In an obituary for The Los Angeles Times, David Wharton wrote, “The way Vin Scully called a baseball game, it felt like bumping into an old friend. There were stories to tell and memories to share, his soothing banter as familiar as green grass and warm breezes on a sunny afternoon.”

Between pitches, Scully could expertly and entertainingly weave in stories touching every and any topic, and yet he made sure the listener never was at a loss for what was happening in the game. Scully once used an at-bat by an Arizona Diamondbacks player named Socrates Brito to talk about hemlock, which poisoned the philosopher Socrates in 399 B.C.

Or check out this video of Scully telling a story about San Francisco Giants pitcher Madison Bumgarner and rattlesnakes and jackrabbits, while never losing track of the details of the game. It’s classic Scully, as is this story of a player who survived a wolf attack as a kid.

Scully never missed even a pitch in between his compelling storytelling.

Scully began calling Dodgers games in 1950 when they played at Brooklyn’s Ebbets Field. He was only 22 at the time. He moved across the country when the Dodgers relocated to Los Angeles in 1958 and continued as the voice of the franchise until his retirement in 2016. That’s 67 years as the Dodgers’ announcer.

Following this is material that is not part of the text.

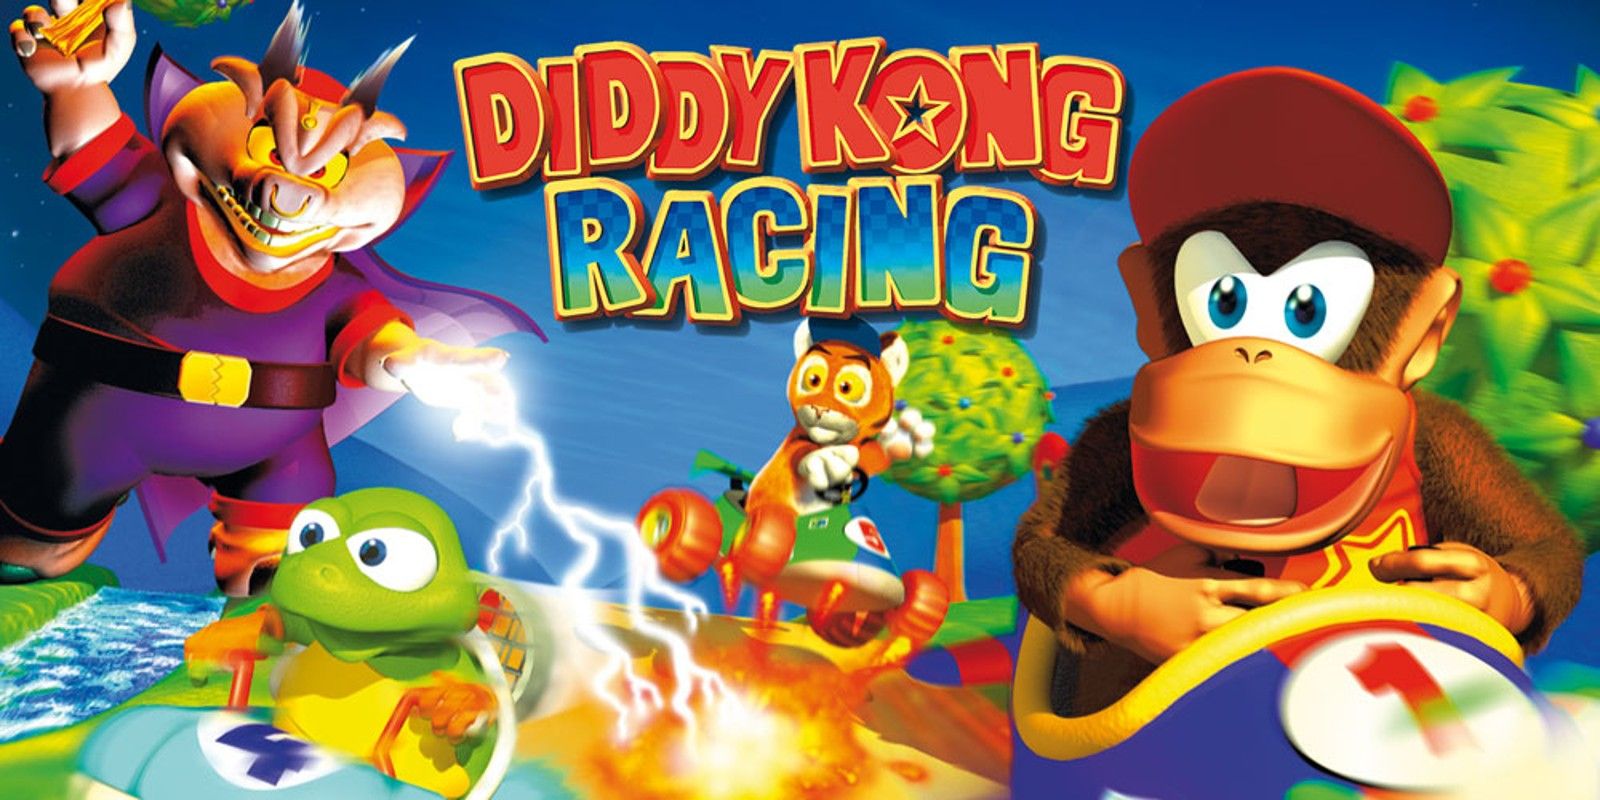 An image of the promotional art for Diddy Kong Racing on the N64

Vin Scully (right) in the booth in 1963 with Dodgers statistician Allan Roth. (AP File Photo/Harold Filan)

Scully was inducted into the Baseball Hall of Fame in 1982 — and then continued broadcasting for 34 more years! In 2016, President Barack Obama gave him the Presidential Medal of Freedom.

In this file photo, President Barack Obama presents the Presidential Medal of Freedom to Vin Scully in the East Room of the White House on Nov. 22, 2016. (AP Photo/Andrew Harnik)

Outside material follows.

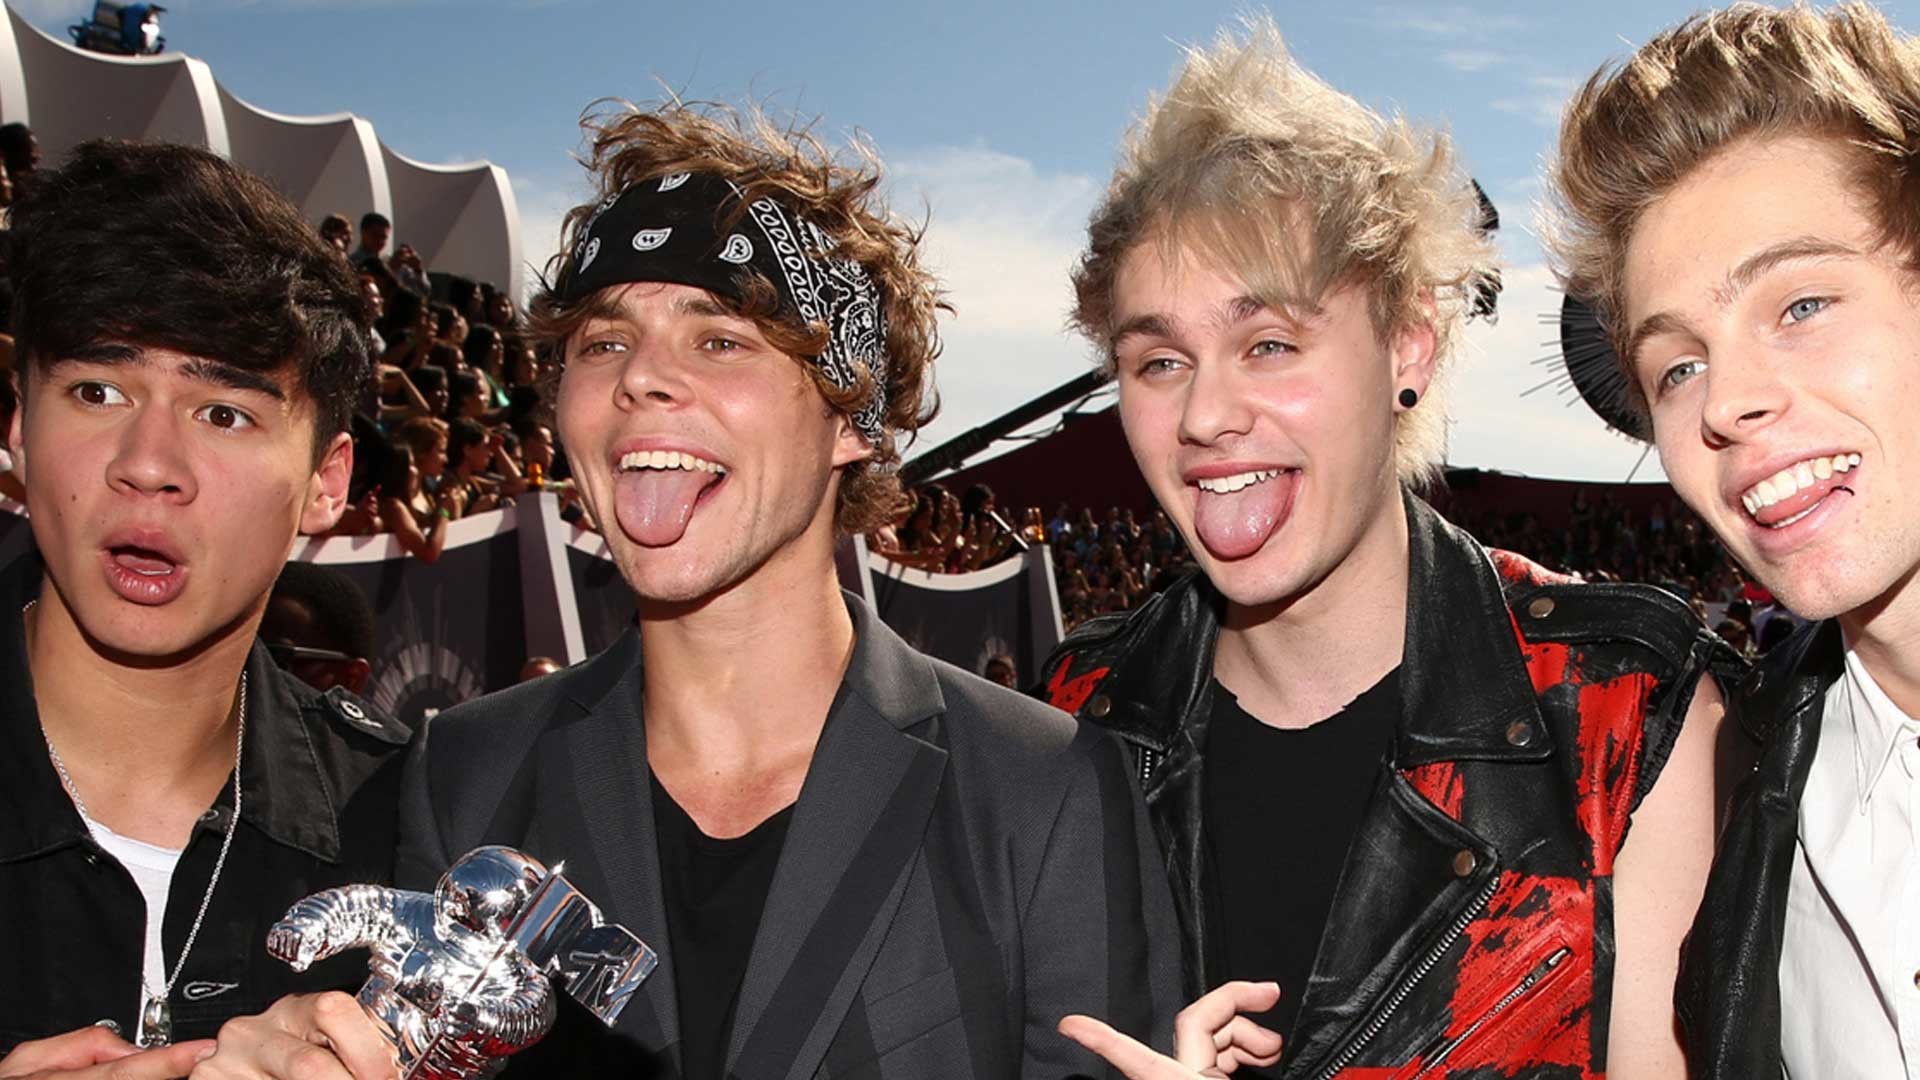 1920x1080 The 411 on 5 Seconds of Summer

Los Angeles Times’ sports columnist Bill Plaschke wrote, “He was more than a sports announcer; he became the most trusted public figure in this city’s history. He was not only the greatest Dodger broadcaster, he was the greatest Los Angeles Dodger, period.”

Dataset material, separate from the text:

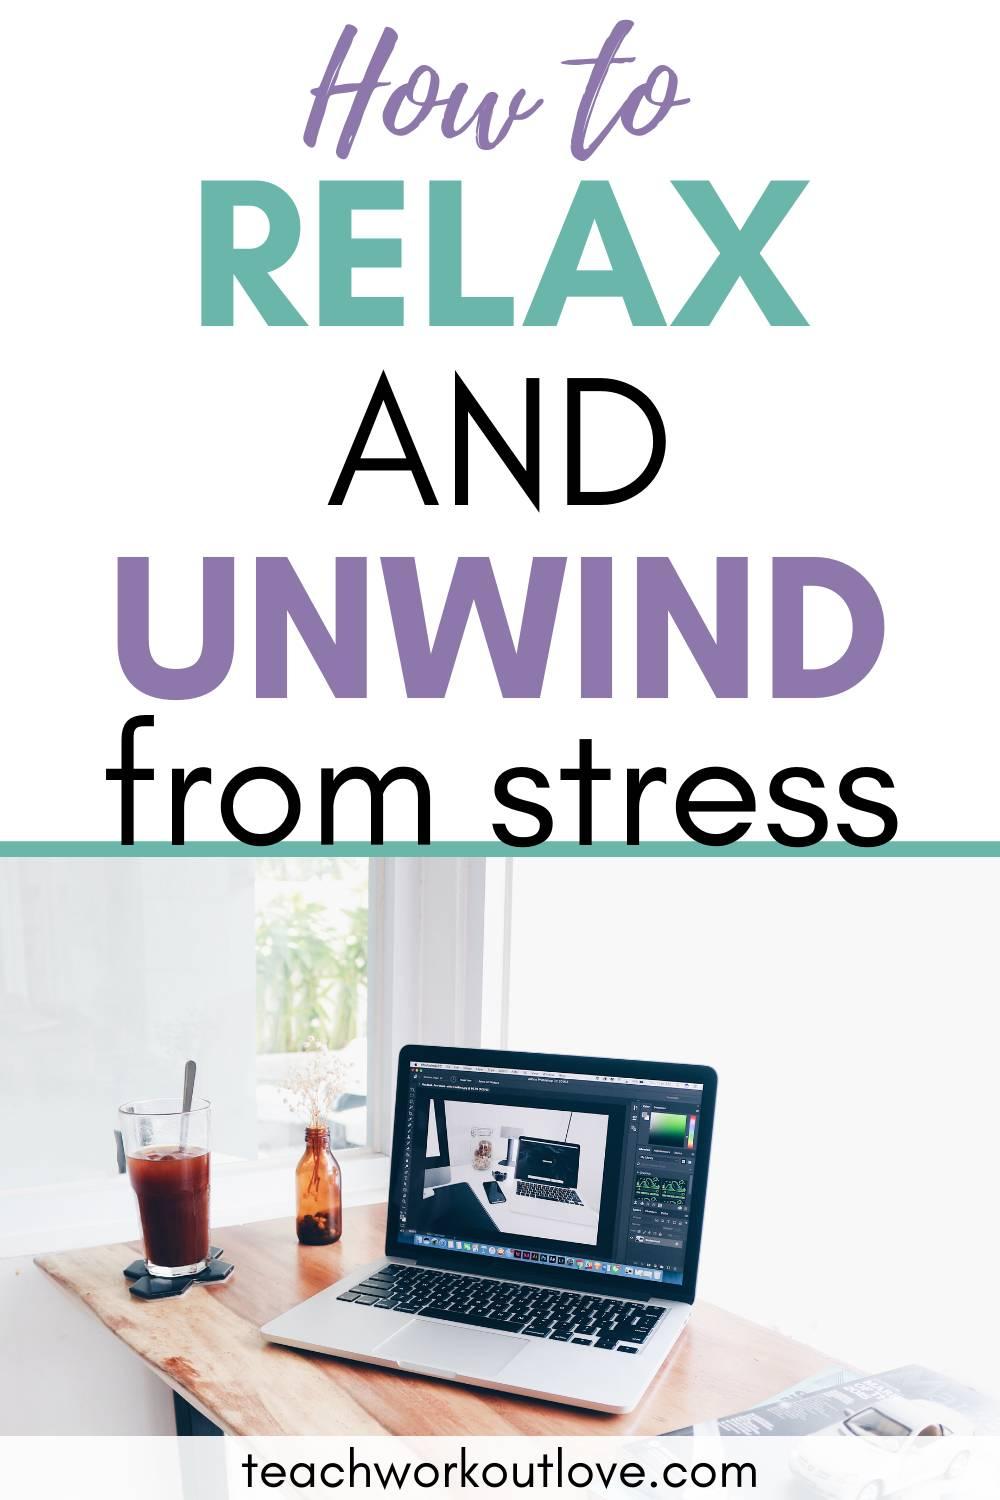 if you would like to find out more about how you can relax & unwind, read on to uncover the best tips & tricks to make the most of today!

In addition to calling Dodgers games, Scully also called baseball and football nationally for NBC and CBS, and he was behind the microphone for some of sports’ most legendary moments.

Vin Scully was on the mic the night Hank Aaron hit his 715th home run (pictured) to break Babe Ruth’s record in a game against the Los Angeles Dodgers in Atlanta, Georgia, on April 8, 1974. (AP File Photo/Harry Harris)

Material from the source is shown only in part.